毒經紫眸頃刻便紅了,惡狠狠的将他那腿掰得更開,指尖探下去摸索着在xue口戳刺數下,過後将那長腿擡在臂彎處,扶着漲得疼痛的肉柱重新送回那濕熱之處。山屠當下仰頭抵在樹上,被毒經壓着拼命搖晃。
他前半輩子想都沒想過,有一天自己居然會像這樣,心甘情願被另一個人摁在身下狠狠的幹,從來這事都是他對別人做的,可是眼前這家夥,借了金風凰的優處,強而有力的捅穿他的身體,猶如一把堅硬石刃般重重插在他心口,讓他根本就撇不掉,甘于沉溺。
簡直溺死都值得。
他微微垂眼看那再自己松散的衣襟前不停親吻的人,開始想笑,原來這人并不比自己自制多少,他跟自己一樣,舍不得這種感覺,是情也罷是欲也罷,總歸你他媽的就是想幹我!而且除了我誰也不行!那就別指望有天還能把這根撇到別處去,心安理得的伺候我就成了!

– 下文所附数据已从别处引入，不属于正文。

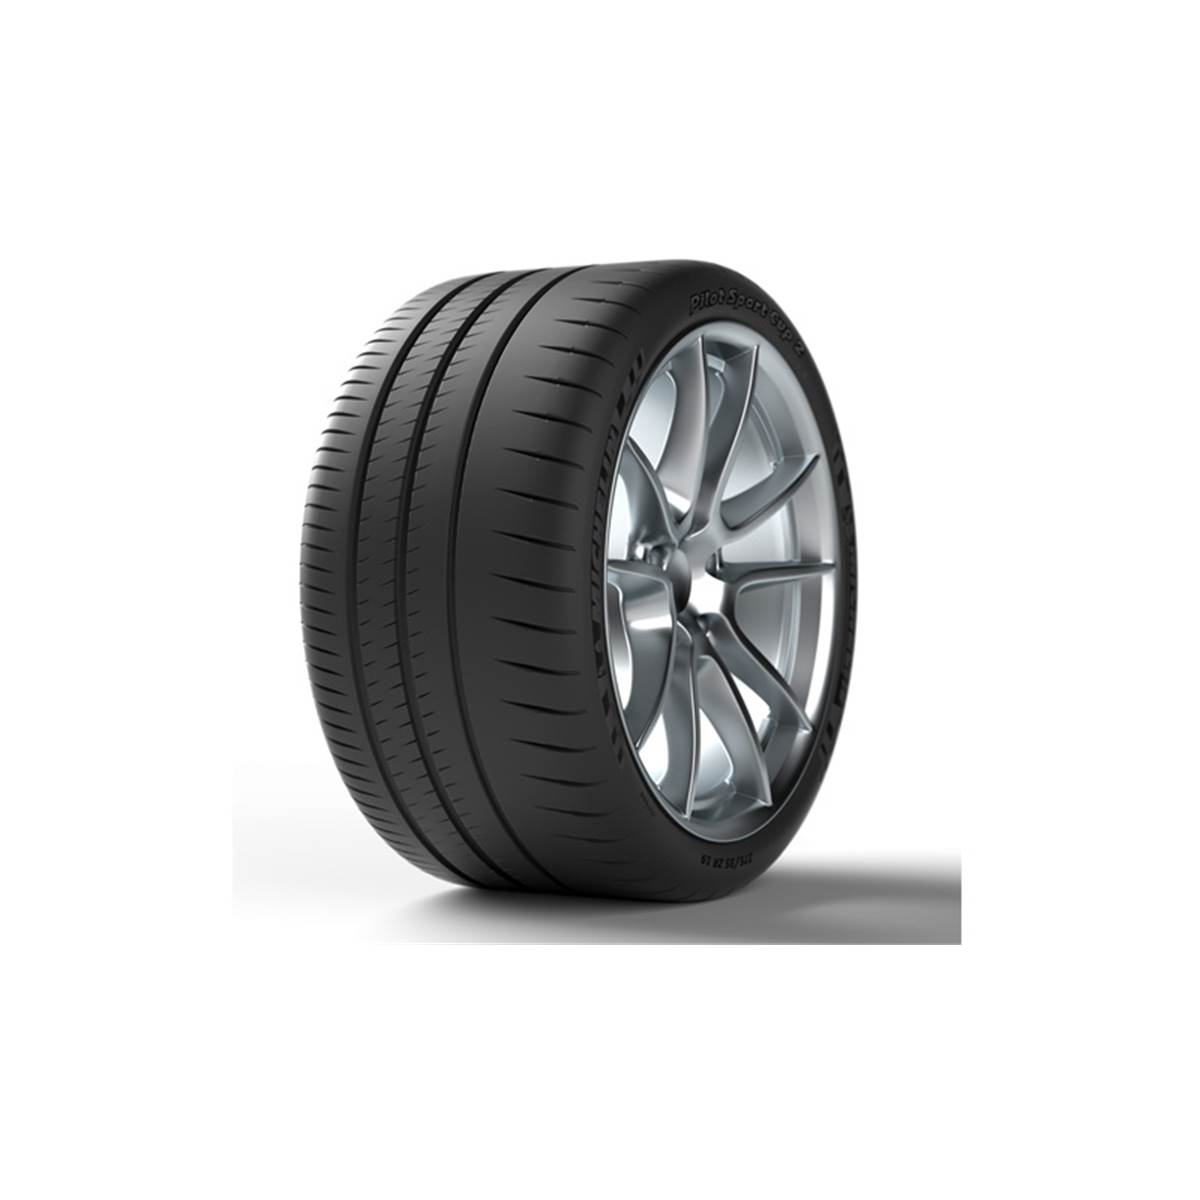 Pneu Michelin 295/30R19 100Y Pilot Sport Cup 2 XL

想着便雙手擒了那人臉頰,伸出舌頭在他鼻上眼上來回舔,最終落到後處,那人伸出舌尖與他戲弄,絲毫不介意臉上液體糟亂,彼此玩一般較量着,最終四片唇含在一道難舍難分,不知不覺又被深深頂了數下,體內挨了熱流沖擊,山居皺眉将它們緊緊含住,一滴也不舍得流出去,眼角忽然很是酸澀。
憋着紅了眼眶,硬是忍下了不該有的,熱而痛,江湖這般大,偏生你要來到我跟前,媽的這就是天意!我便認了又怎樣?
想着深深吸吮他口中液體,直到彼此肺中再無空氣,幾近窒息的程度方才分開。
毒經退開面孔,粗喘着讓軟下的物事滑出山居體內,手指又一次伸過去,将那滿滿的濁液接在掌心,黏膩而白,腥味滲鼻,山居當着毒經的面握了那掌,探出舌尖将那一切通通舔去,未了舔舔嘴唇握住毒經那根,半句話也不說,光是看他,挑釁萬分。
毒經覆了他手背,借他的手将那不應期的物件捏着,慢條斯理的撫弄,過了不一會便又硬挺如初,而後将山居帶着躺在地上,一只手撐着身體,一只手握了情物又往山居體內送,這一回便是認認真真的看他,見他眼底沒了當初屈辱,多了好些說不清道不明的東西,彼此都不說話,也不如第一次那樣猛力,只是為了延長這份快樂而勾速動着。
山居忽然雙手伸到胯下,觸到二人相連之處,毒經看着他摸住自己那根少許露出的段落,還有未能一起入巷的雙丸,不禁更加難耐。
“我倒是想連它們一起進去,可惜不成。”毒經己改雙手撐着山居身側,一下一下重重撞擊山居。
山居只是半仰着頭看他,手上動作不停,未了嗤笑一句:“你這根,到死都是我的。”
毒經忽然頓住,随即哈哈笑了,将山居拉着坐在他身上,讓他抱住自已上下晃,舔著他耳蝸說道:“是你的,都是你的。”
哪裏還有你的我的,無論是胸中之物,還是你他,合着該是一體,誰拆的去。